#### What is being asked:
Return each line of the data below exactly, omitting any pictures.

#### Input data:
--------

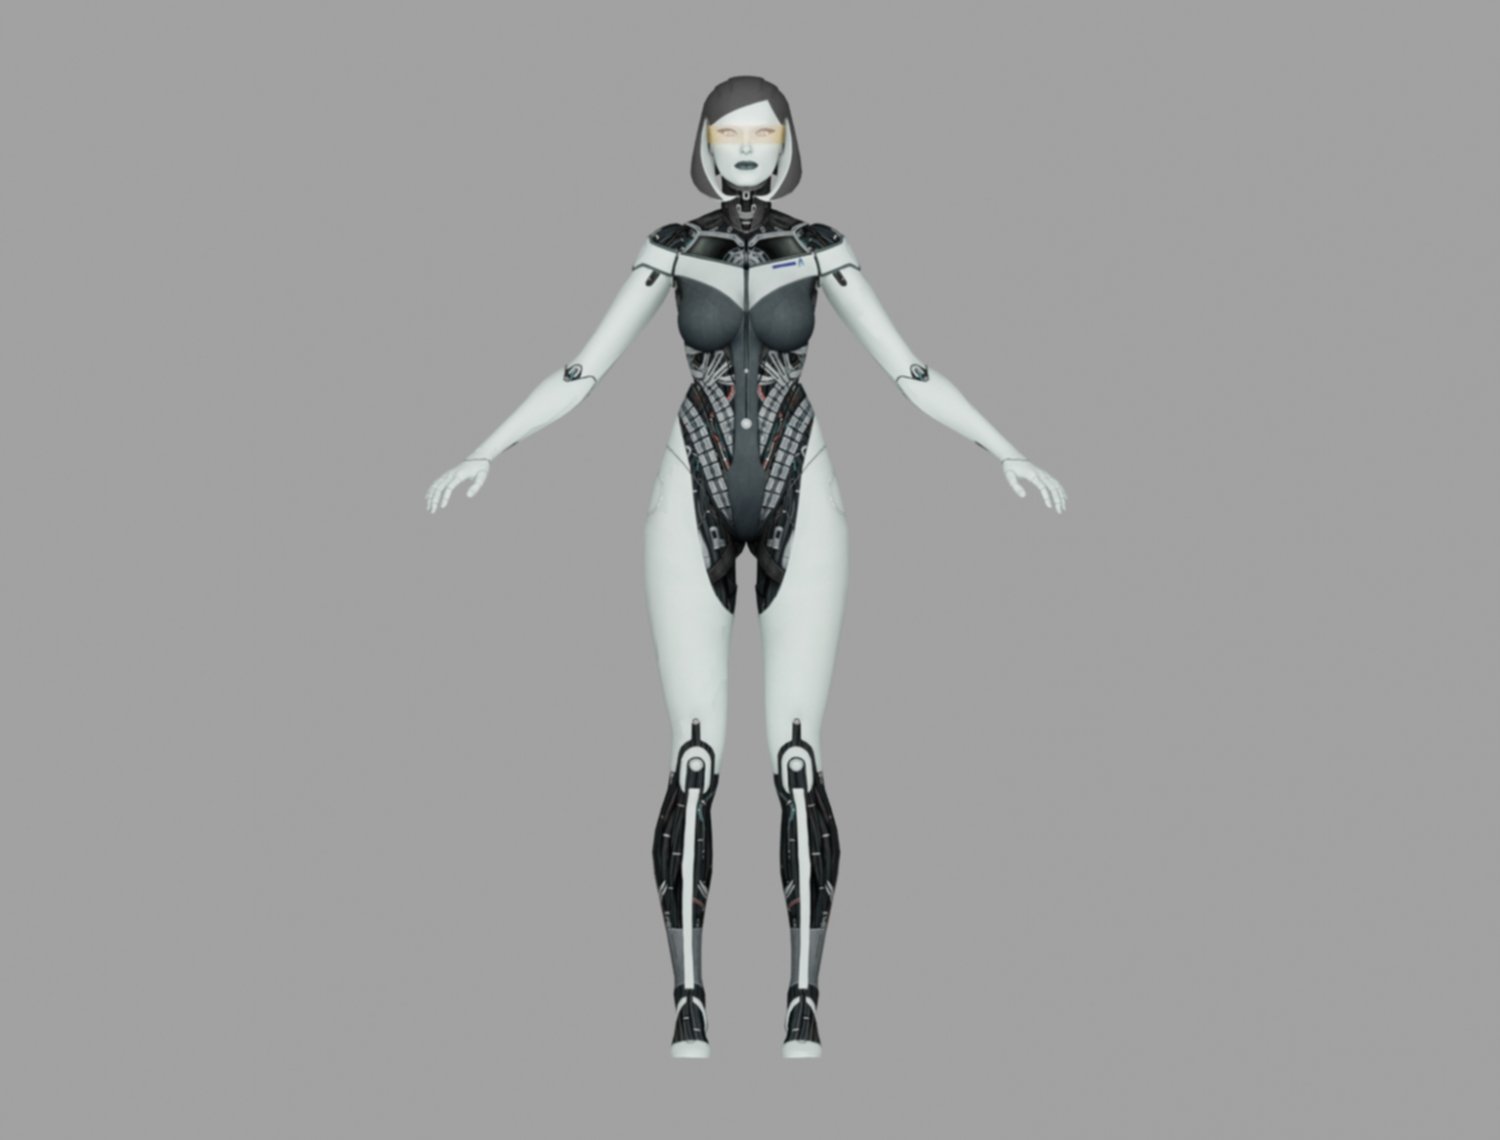 edi suit Gratis Modelo 3D in Robot 3DExport
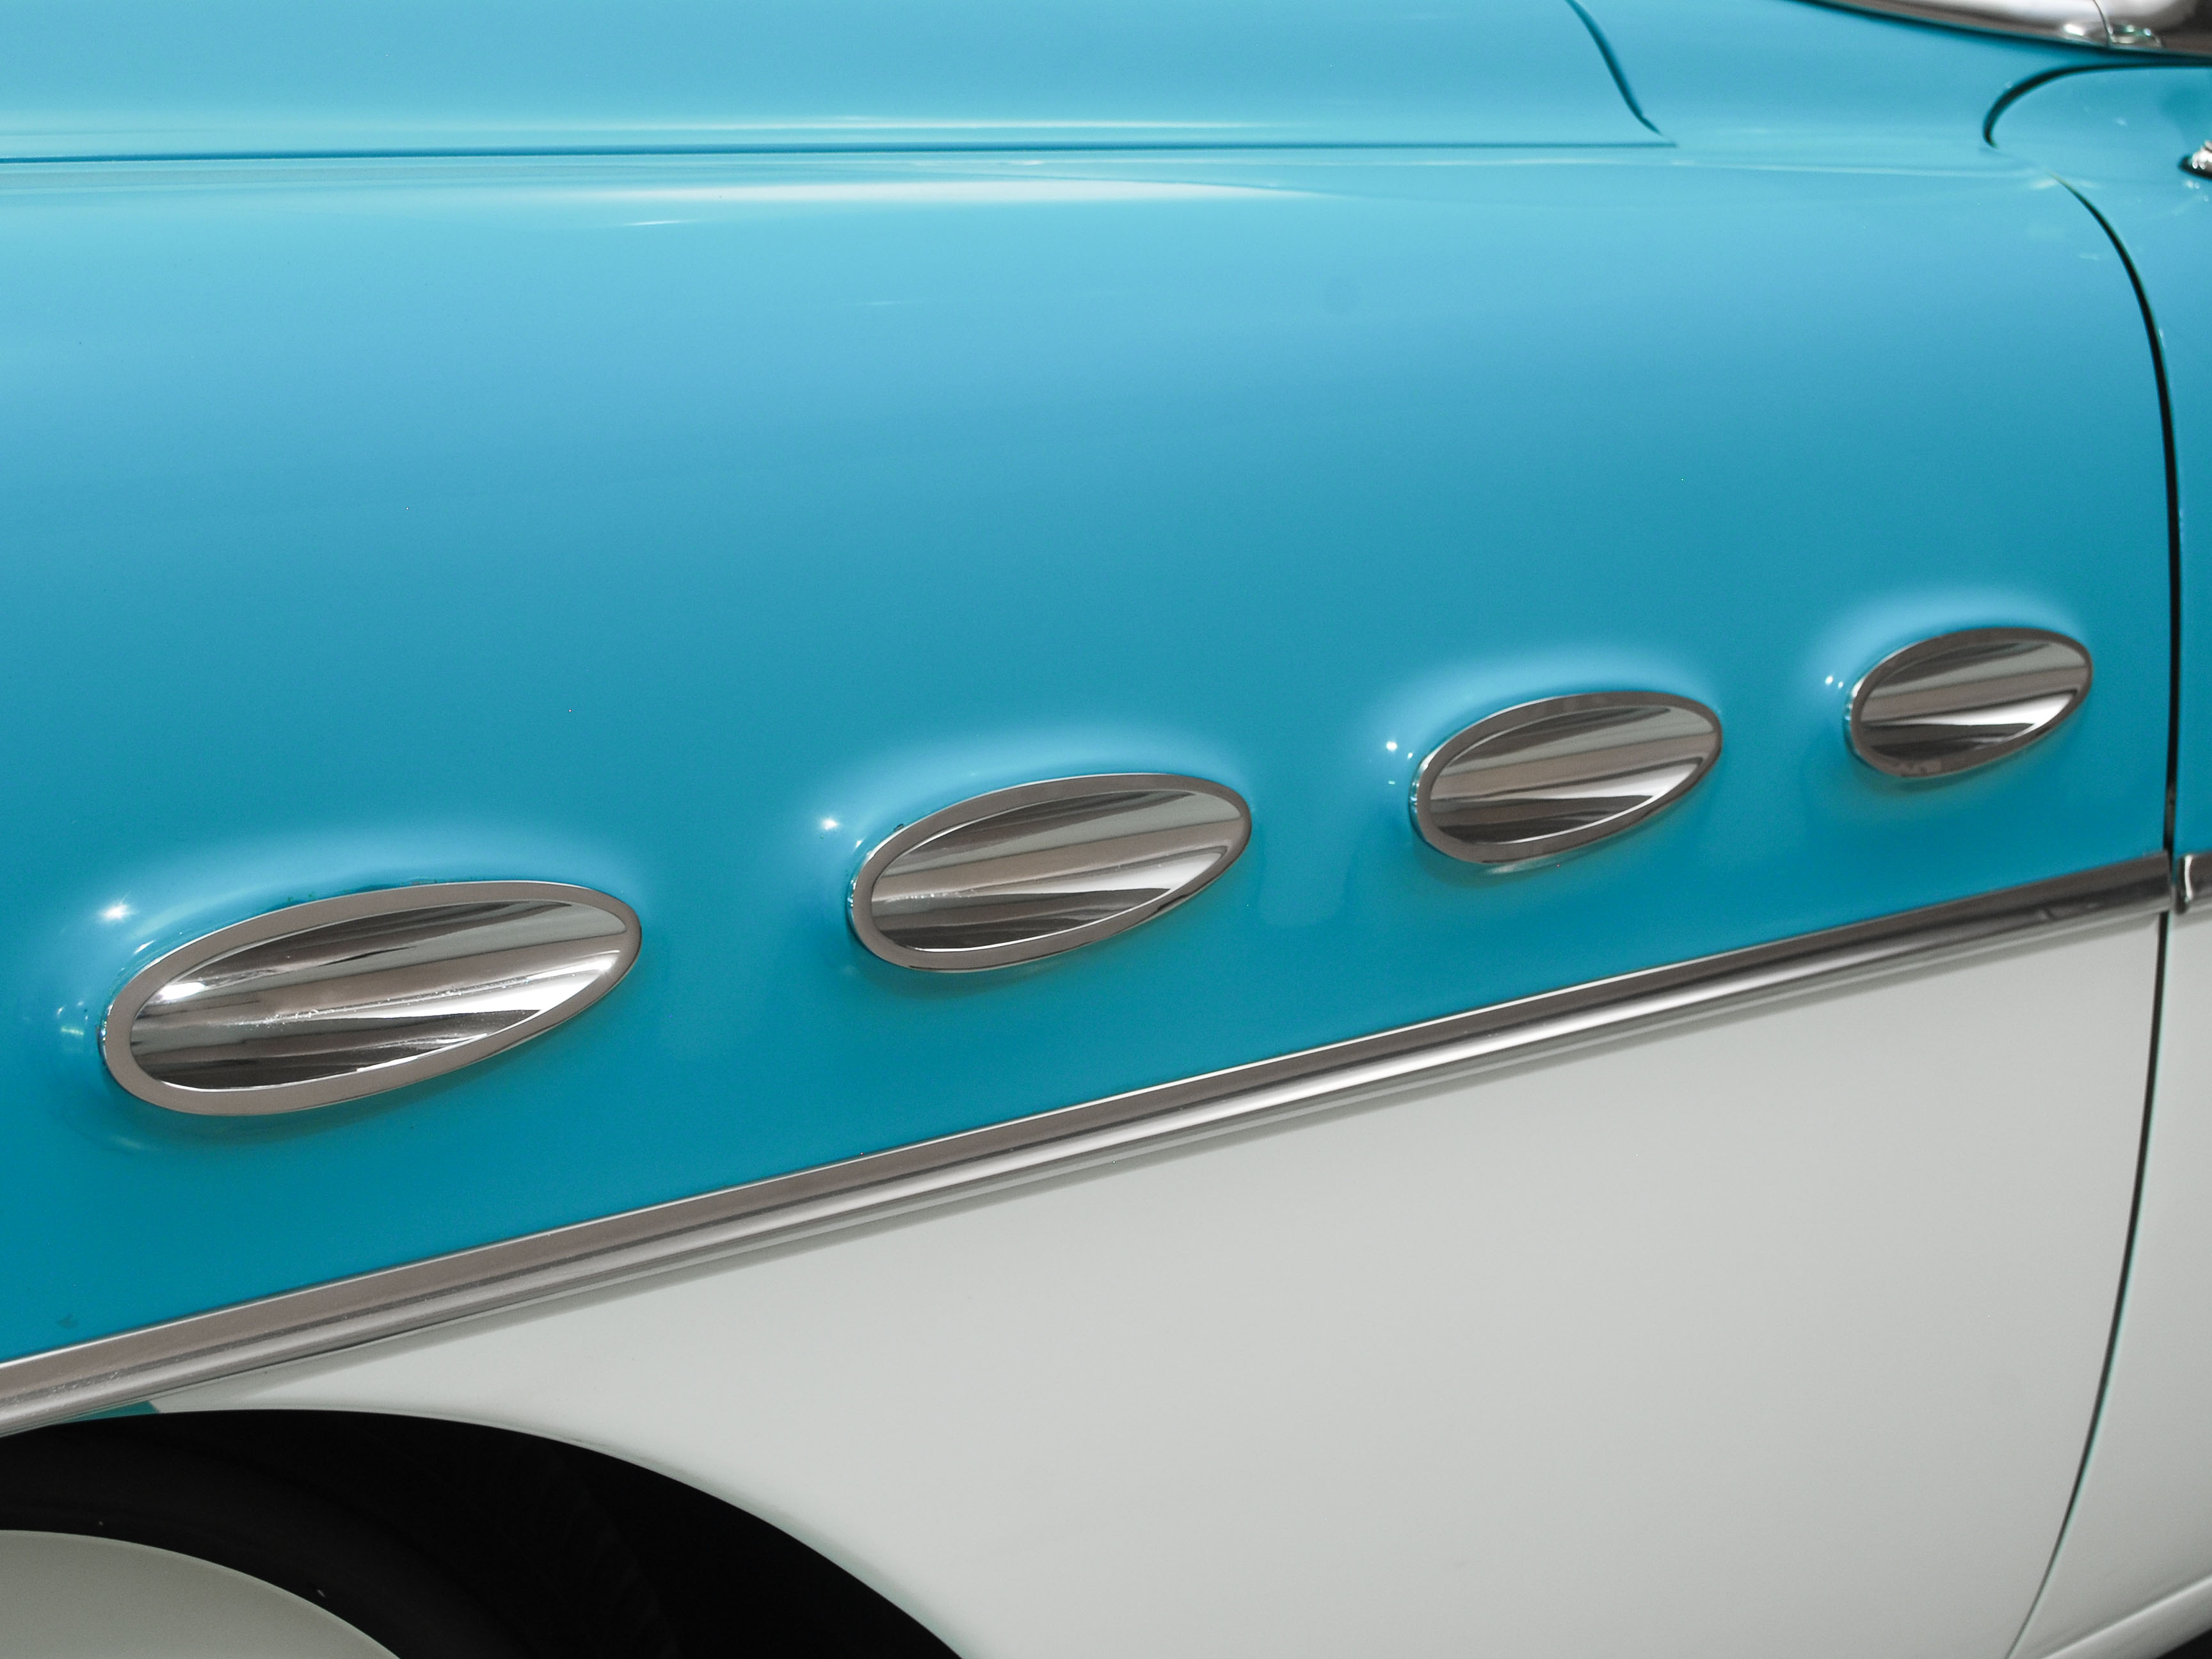 1957 buick super model 56c
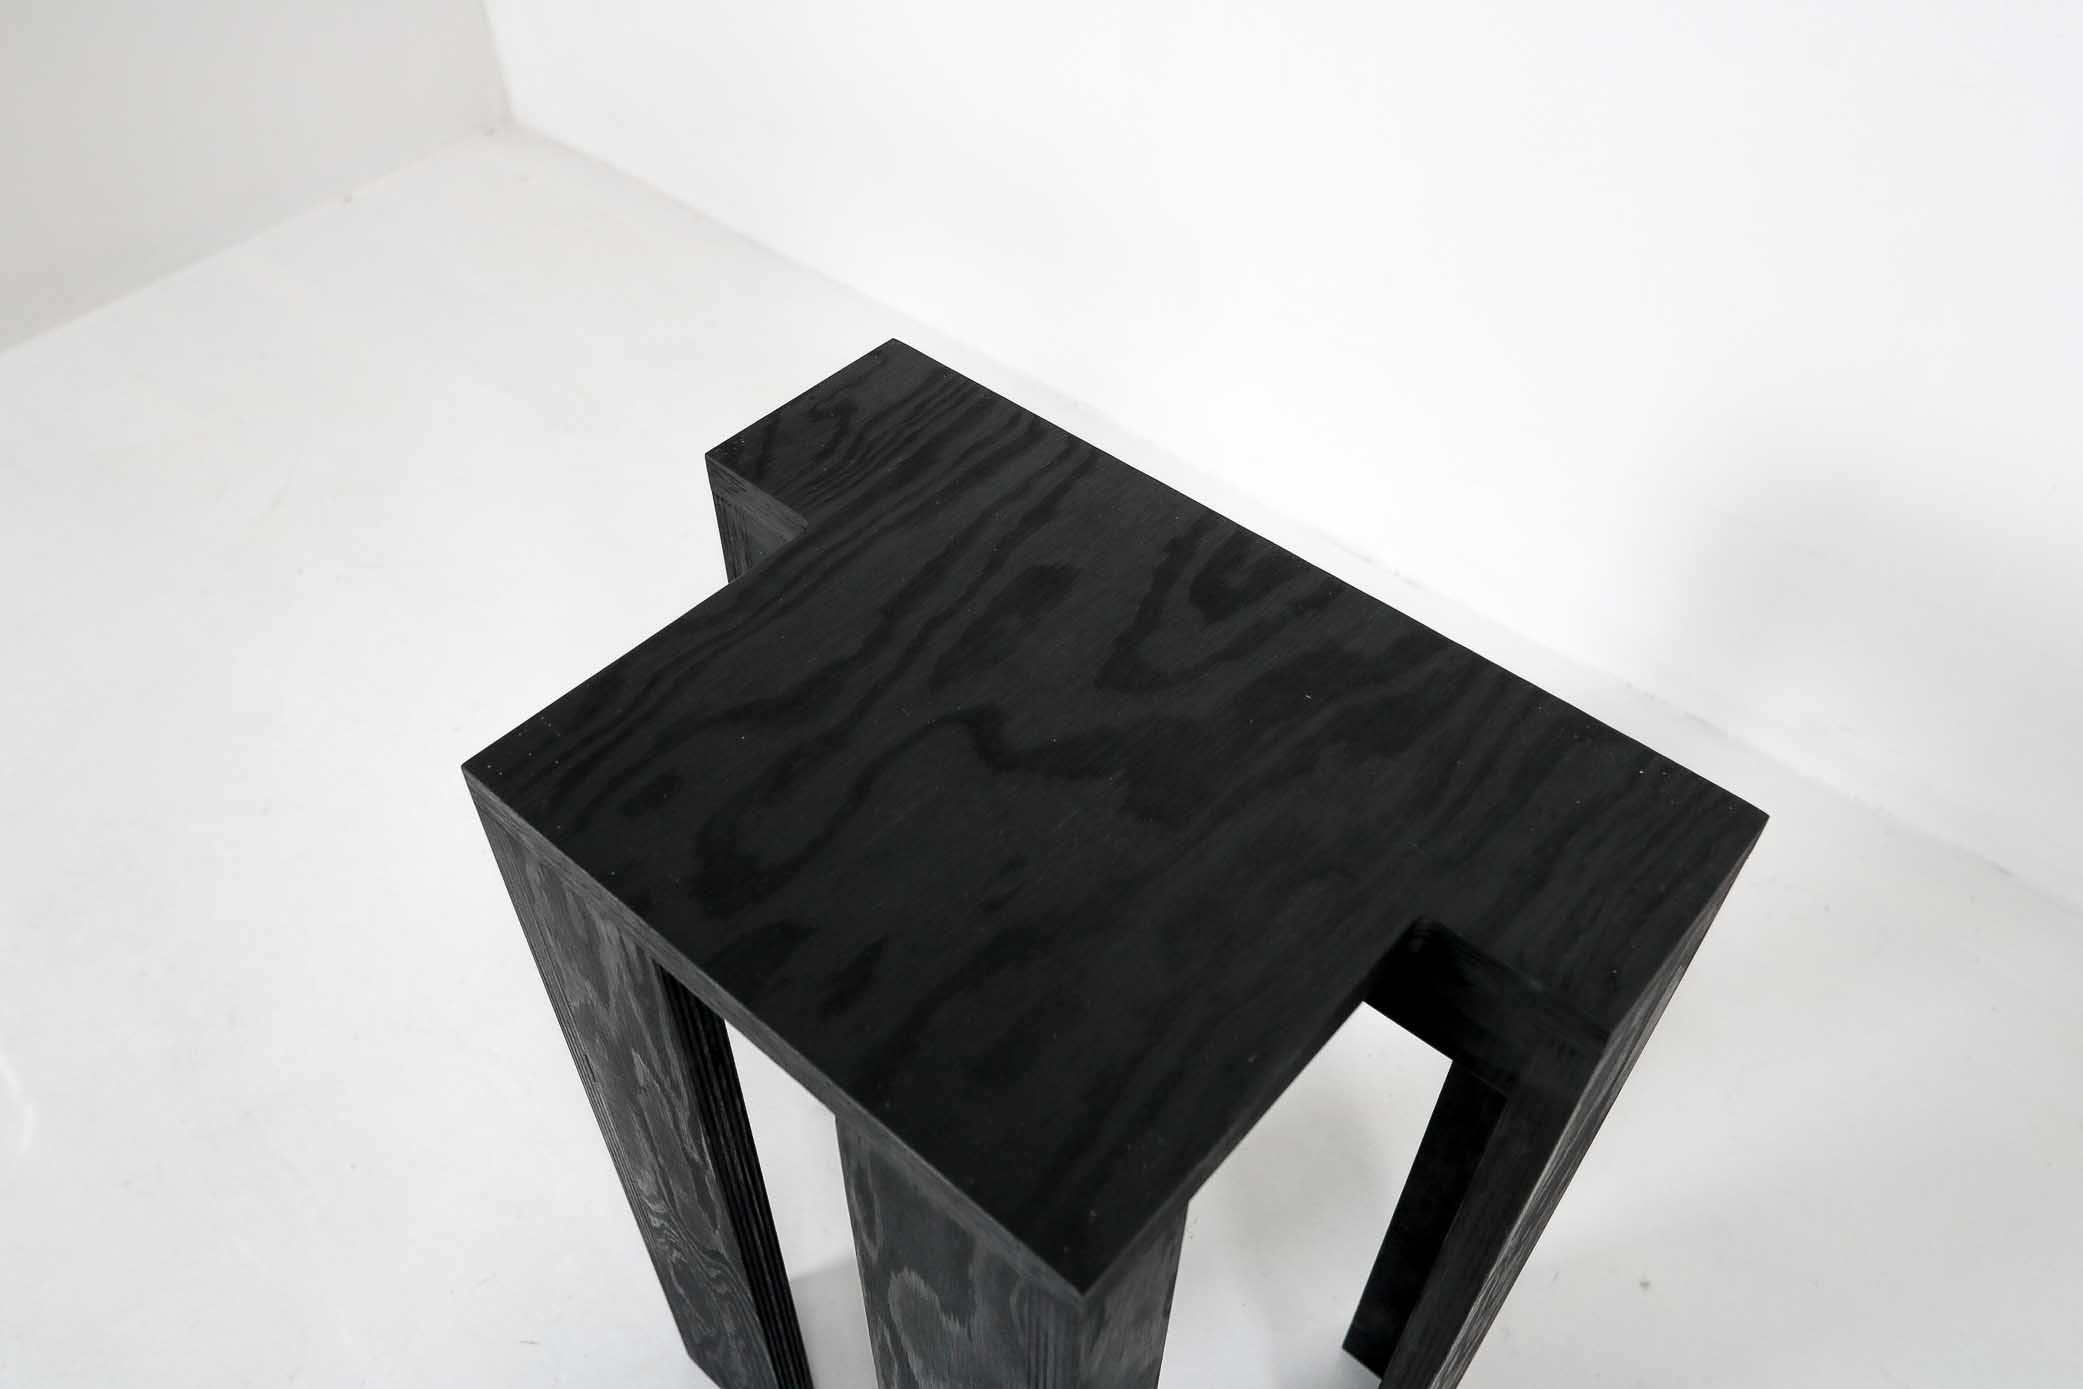 Stackable stools by Bram Vanderbekethumbnail

--------

#### Result for this exercise:
 edi suit Gratis Modelo 3D in Robot 3DExport
 1957 buick super model 56c
 Stackable stools by Bram Vanderbekethumbnail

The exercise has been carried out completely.